Affinity purification and composition of the human STAGA complex. (A) Immunopurified STAGA complex. Shown is a silver stain of gradient SDS-PAGE gels containing STAGA purified from nuclear extracts of the fh:SPT3-expressing cell line (lanes 2 and 3) and mock-purified fractions derived from control HeLa nuclear extracts (lanes 1 and 4) after affinity purification on M2-agarose (lanes 1 and 2) or after successive immunopurifications M2-agarose and anti-HA antibody resins (lanes 3 and 4). The positions of fh:SPT3 and STAFs with their approximate molecular masses are indicated. (B) Identity of STAFs determined by tandem MS. n.a., not analyzed.

FIG. 2

Amino acid sequence comparisons of human STAF65γ with S. cerevisiae (S.c.) SPT7 (A), STAF42 with S. cerevisiae ADA1 (B), and a domain of STAF42 with histone fold domains of human TAF_II135 and histone H2A (C). (A and B) Alignment was performed with MacVector software. Identical and related amino acids are boxed and shaded, and the underlined sequence is the histone fold domain of yeast SPT7 (22). (C) The three α-helices (α1 to α3) of the histone H2A fold are schematized over their corresponding sequences.

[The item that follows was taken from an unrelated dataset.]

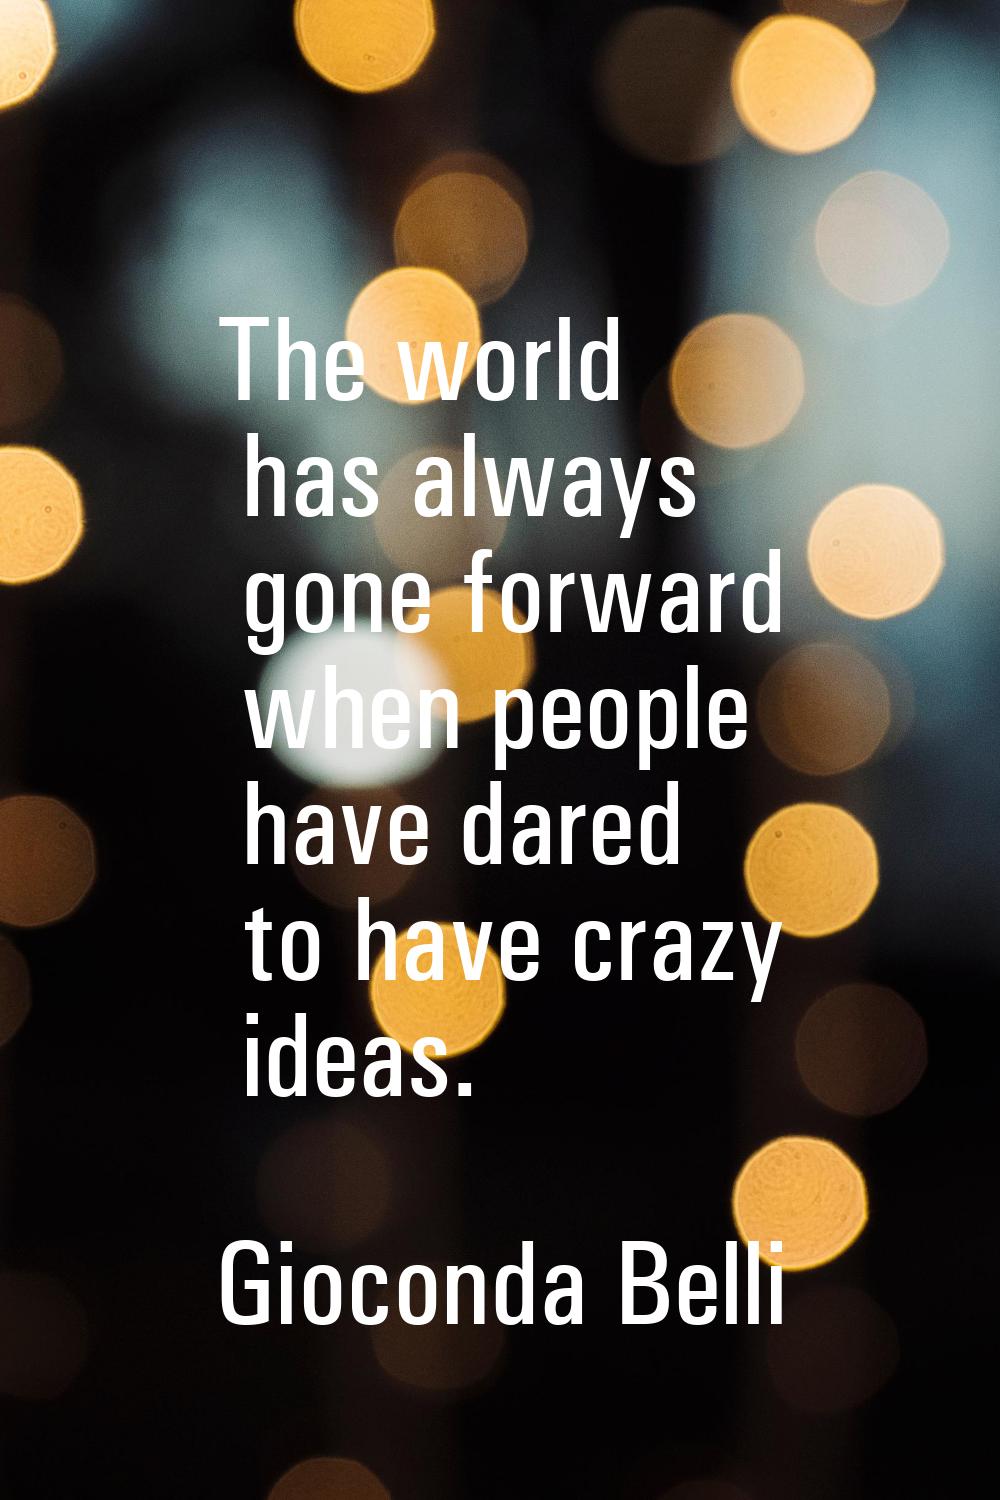 The world has always gone forward when people have dared to have crazy ideas.

The underlined sequence indicates TAF_II135 amino acids important for interactions with TAF_II20 (23) that are conserved in STAF42.

FIG. 3

SDS-PAGE and Western blot analyses of complexes purified from cells expressing epitope-tagged fh:TAF_II31 and fh:SPT3. (A) Silver-stained SDS-PAGE gel containing M2-agarose-purified complexes from nuclear extracts of cells expressing fh:TAF_II31 (lane 1) and fh:SPT3 (lane 2). Black and white arrowheads indicate, respectively, TFIID-specific and STAGA-specific components; gray arrowheads point to TAF_IIs shared by TFIID and STAGA. (B) Western blot analysis of the fh:TAF_II31- and fh:SPT3-containing complexes in panel A. A double arrowhead indicates the expected position of native TAF_II31 in the fh:TAF_II31 complexes (lane 1). (C) Western blot analysis with specific SAP130, GCN5, hADA2, and TAF_II20/15 antibodies of M2 affinity-purified STAGA from nuclear extracts of fh:SPT3 cells (lane 1) and of the mock-purified M2 fraction (lane 2) from control HeLa nuclear extracts (M2-control).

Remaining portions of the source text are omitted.